50% of all connections between onprem and Azure via Express Route fails.
In Azure we have deployed some Linux VMs to same VNET in which ExpressRoute Gateway exists without any NSGs or UDRs. All resources are deployed in Switzerland North. Express Route is connected to Zurich.
If we run a PsPing from an onprem VM to an Azure VM on Port 22, every 2nd connection we see SYN sending but no SYN/ACK comes back. For the other 50% connection all works fine. (Visible in Wireshark)
We found, that also a ping from always the same onprem VM to Azure VMs only works for all pair target IPs and fails to all impair target IPs.

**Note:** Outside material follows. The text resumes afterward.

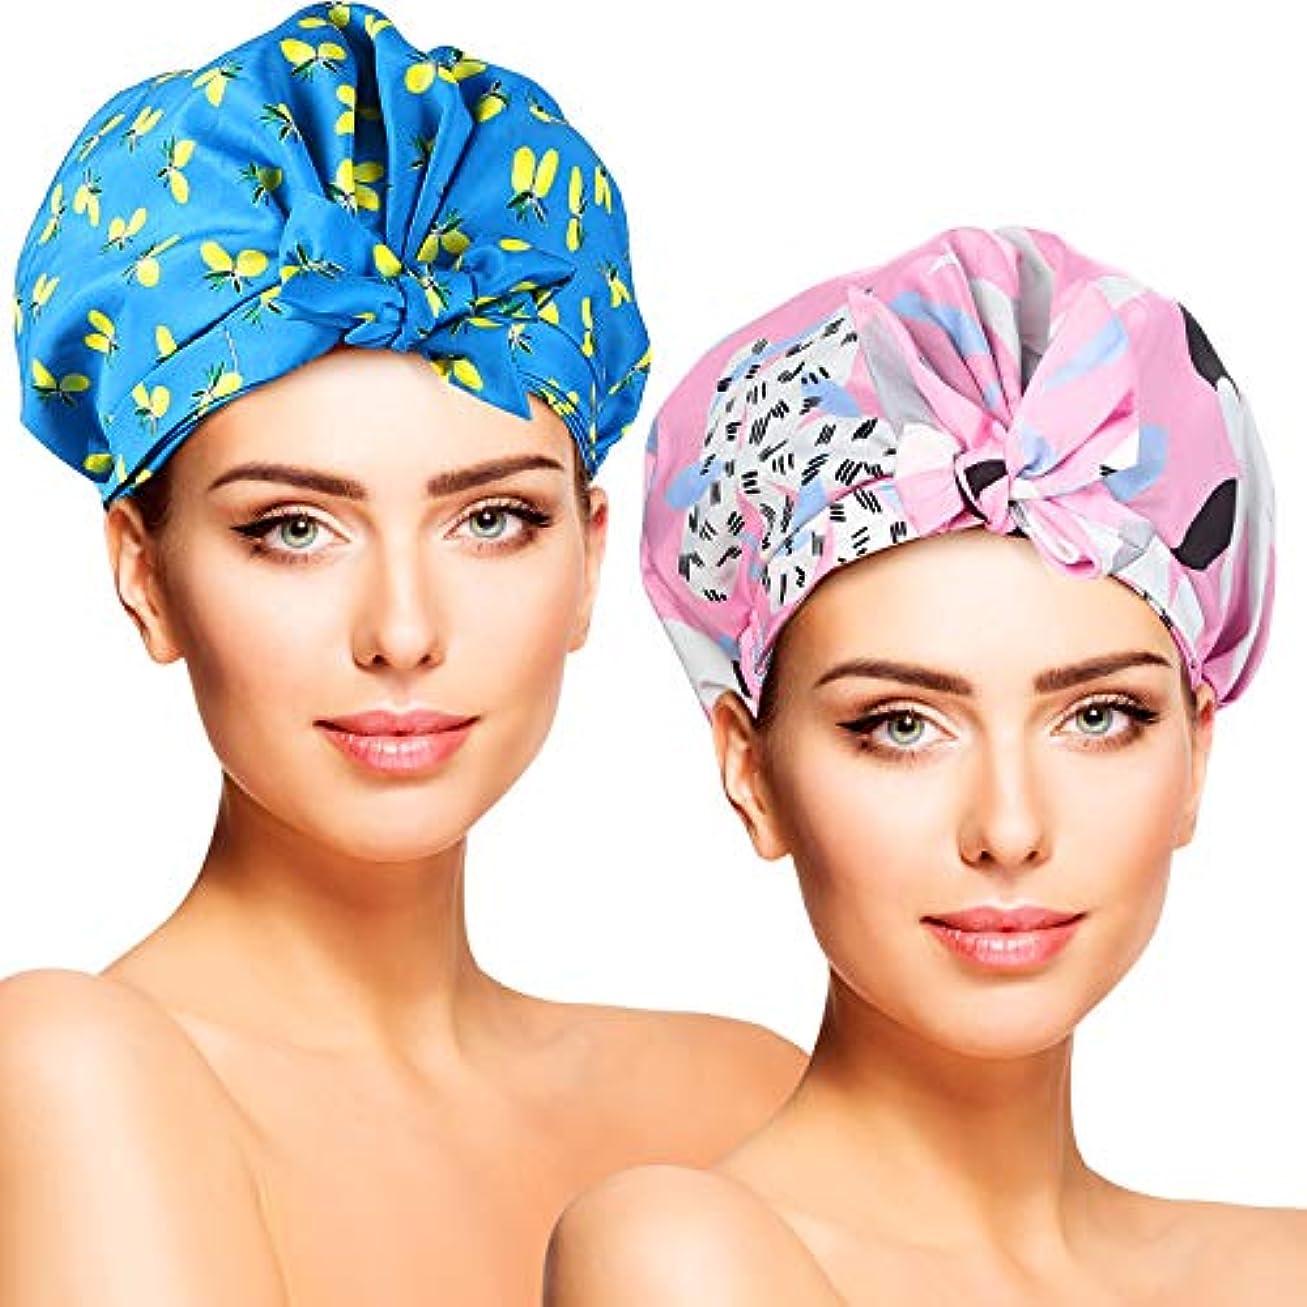 バーウルル震えYISUN シャワーキャップ 2枚セット 二重層防水 耐久性 抗菌性 お風呂 シャワー SPA 調理 洗顔用 多機能 実用性 男女兼用
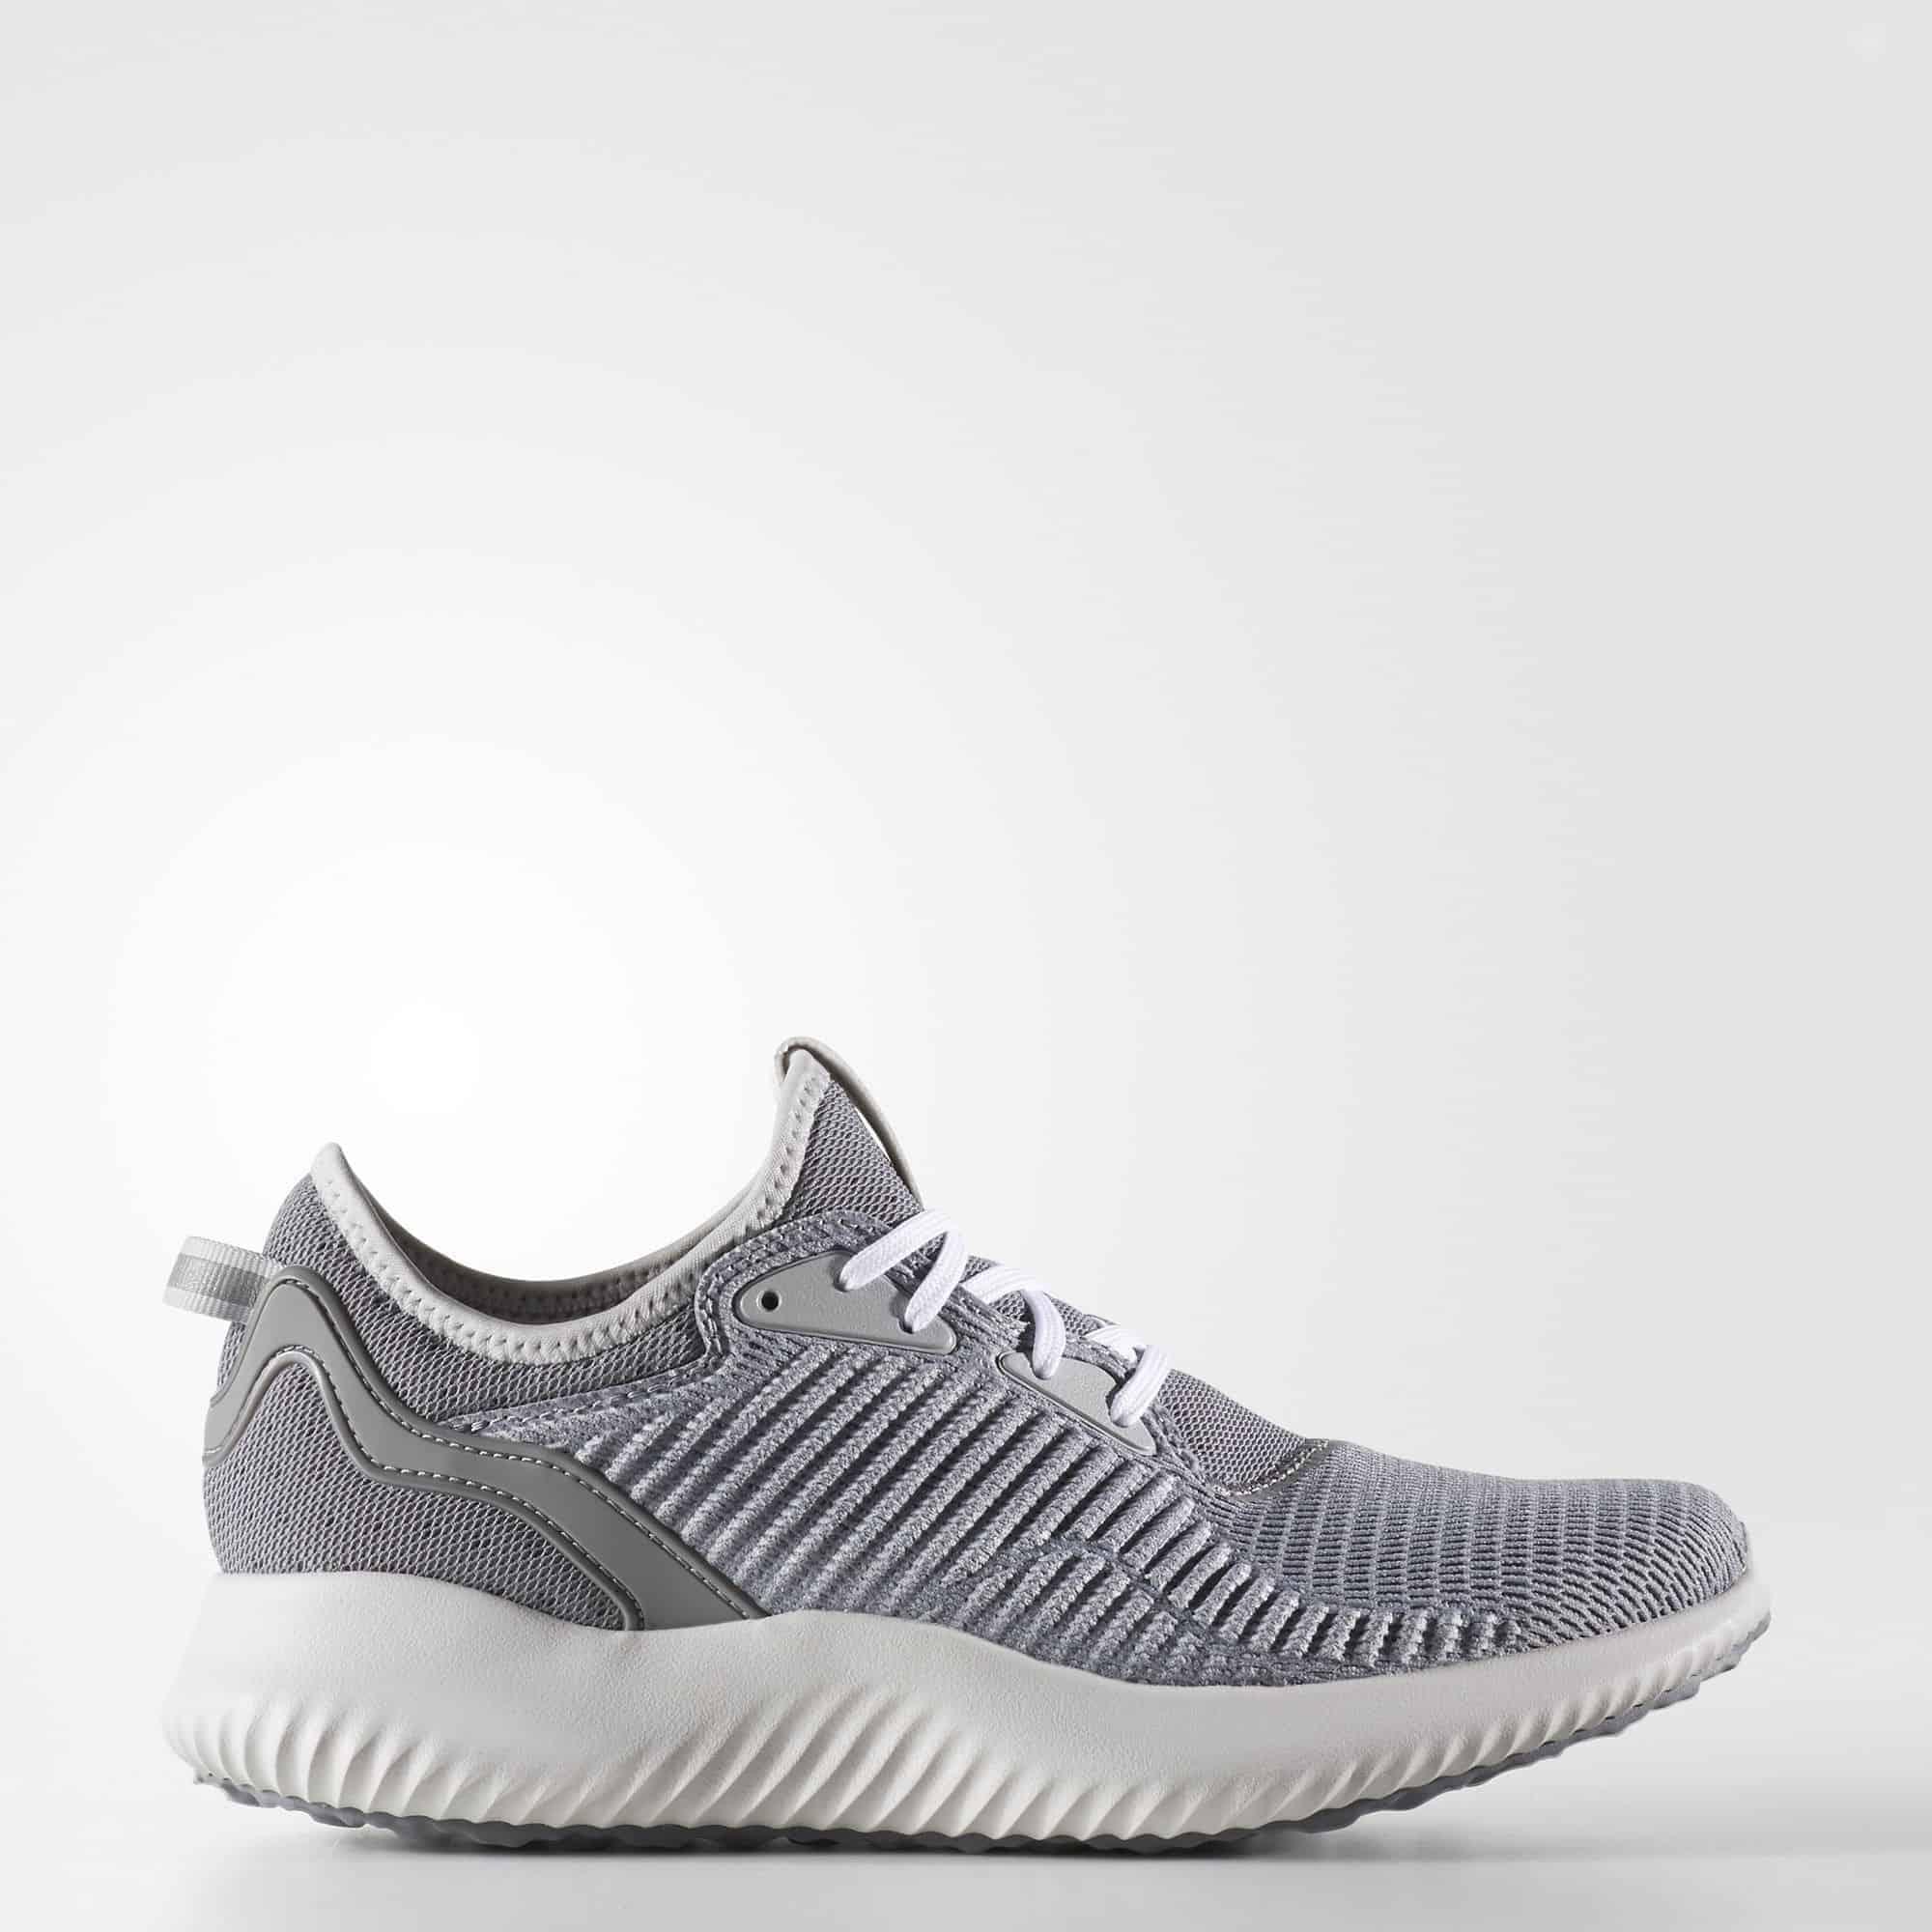 Кроссовки для бега Adidas Alphabounce Lux женские

An onprem tracert to any of the Azure IPs shows for all working Ping IPs 2 Hops (local router/firewall and IP-Address assigned to Express Route Circuit). For all non-working Ping-IPs, we only see next hop and no further Hops.
Connections from Azure VM to onprem, we always see incoming request on onprem VM (in wireshark) and we see response/reply will be sent but 50% of these replys get lost.
We are sure, all packets leave Switch to which Express Route is connected.
Express Route Provider (in our Case Digital Realty) conformed, they do not have any Layer3 components in between our Switch and Microsoft Router.
Behavior looks like a layer 3 routing issue.
We tested also with one Express Route link disabled (to avoid asymmetric routing), but have still the same behavior.
We disabled IPv4 peering on Express Route and reenabled it, but still the same issue.
We then enabled ICMP from onprem VMs to Circuit IPs. We see the same issue. from an onprem VM with pair IP, we can ping Circuit IP, from an onprem VM with an impair IP, we do net get a reply.
From Router/Firewall, which is in the same subnet, as the Circuit IP, ping works.
How can we fix this and make our Express Route fully working?